United Church Of Christ
The Reverend Jay Litner, Director, Washington Office of the United Church of Christ Office for Church in Society, states that “United Church of Christ people, churches and agencies are extremely and overwhelmingly supportive of organ sharing.” The General Synod has never spoken to his issue because, in general, the Synod speaks on more controversial issues, and there is no controversy about organ sharing, just as there is no controversy about blood donation in the denomination. While the General Synod has never spoken about blood donation, blood donation rooms have been set up at several General Synods. Similarly, any organized effort to get the General Synod delegates or individual churches to sign organ donation cards would meet with generally positive responses.

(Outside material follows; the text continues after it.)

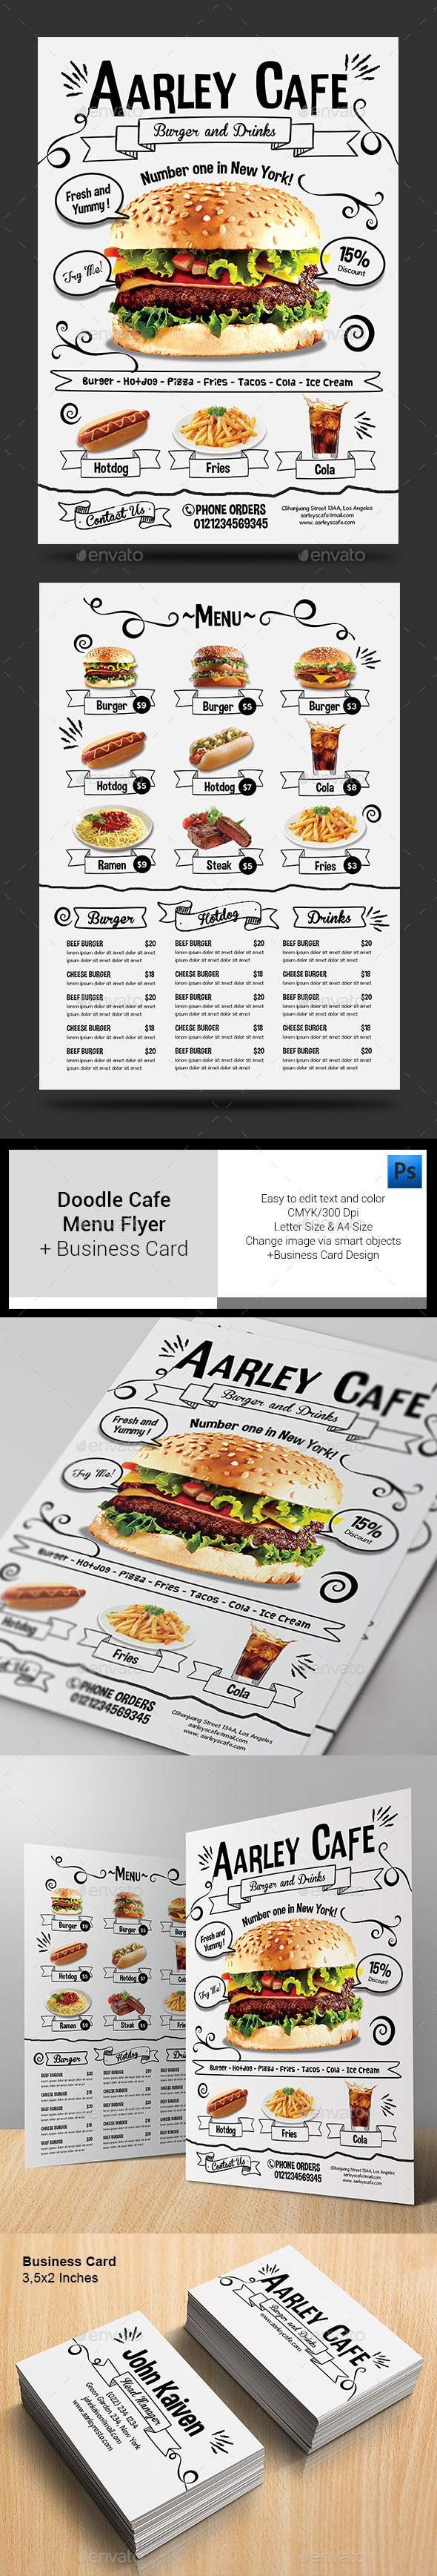 Doodle Cafe Menu + Business Card
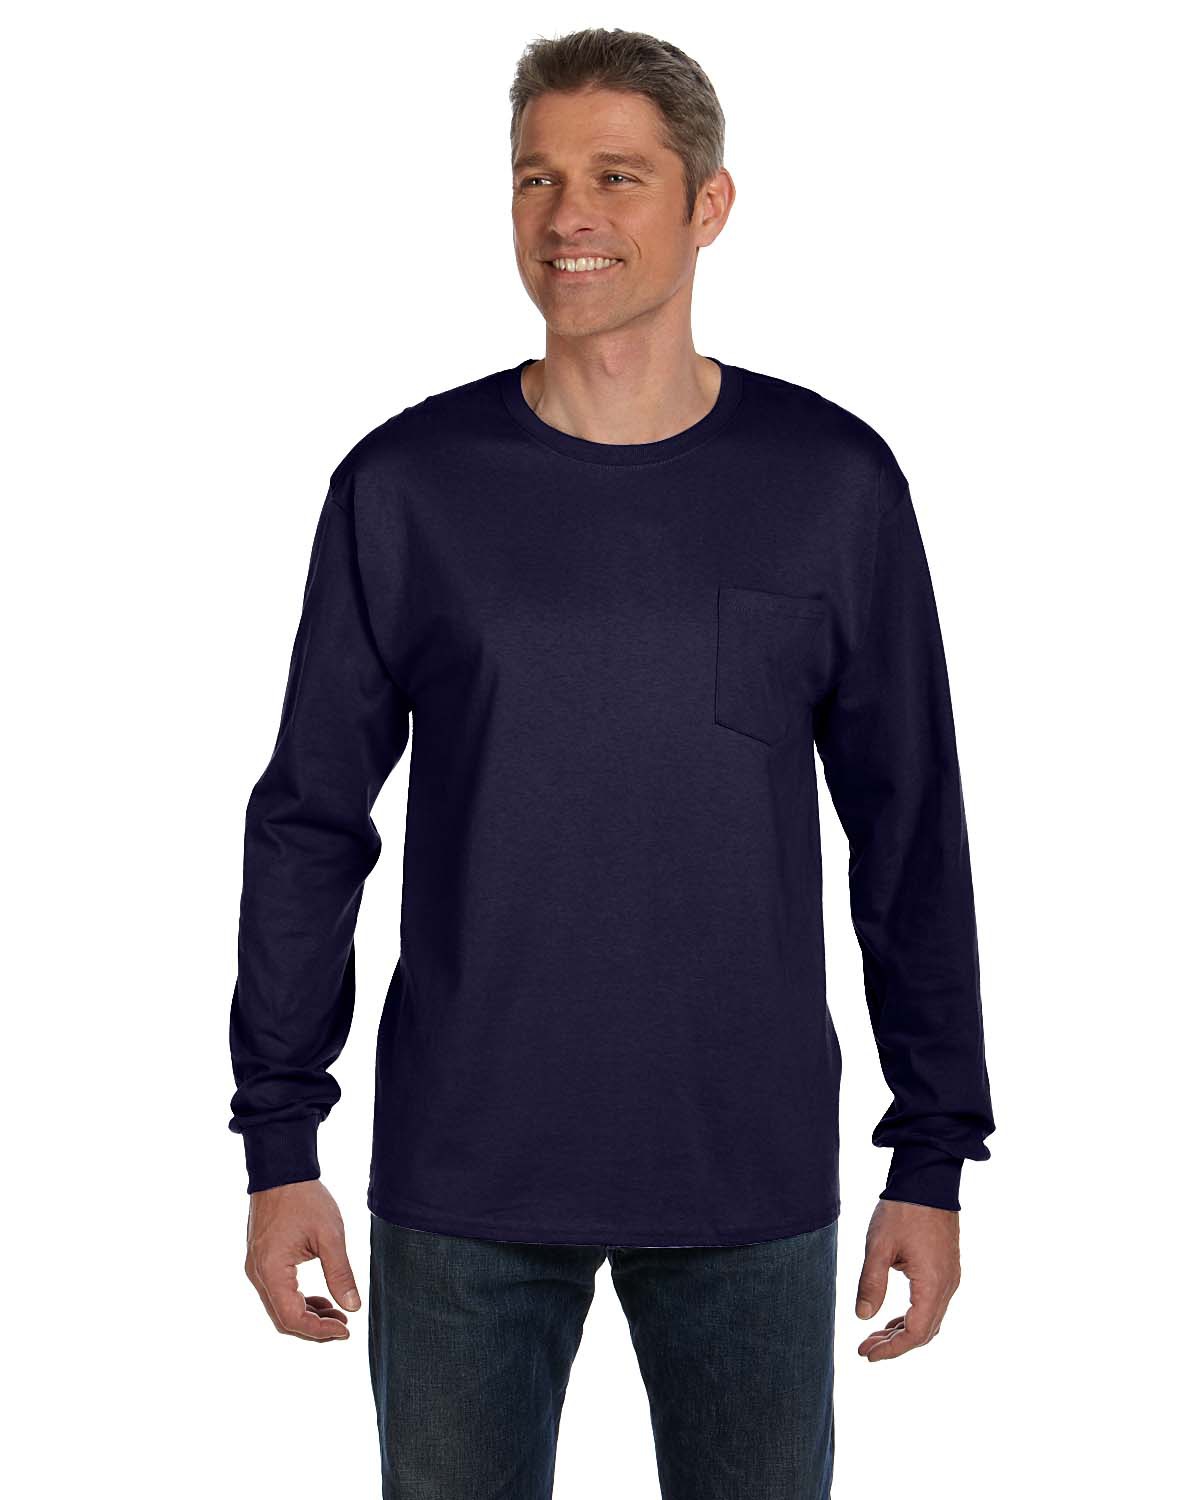 Hanes 5596 - Men's Authentic Long Sleeve Pocket T-Shirt

The United Methodist Church issued a policy statement in 1984 regarding organ and tissue donation. In it, they state that “The United Methodist Church recognizes the life-giving benefits of organ and tissue donation, and thereby encourages all Christians to become organ and tissue donors by signing and carrying cards or driver’s licenses, attesting to their commitment of such organs upon their death, to those in need, as part of their ministry to others in the name of Christ, who gave his life that we might have life in its fullness.” A 1992 resolution stated, “donation is to be encouraged, assuming appropriate safeguards against hastening death and determination of death by reliable criteria.” The resolution further states that, “Pastoral-care persons should be willing to explore these options as a normal part of conversation with patients and their families.”
The Wesleyan Church supports donation as a way of helping others. They believe that God’s “ability to resurrect us is not dependent on whether or not all our parts were connected at death.” They also support research and, in 1989, noted in a task force on public morals and social concerns that “one of the ways that a Christian can do good is to request that their body be donated to a medical school or use in teaching.”
*The primary source of this information is the Department of Health and Human Services, Office of Special Projects, Division of Transplantation.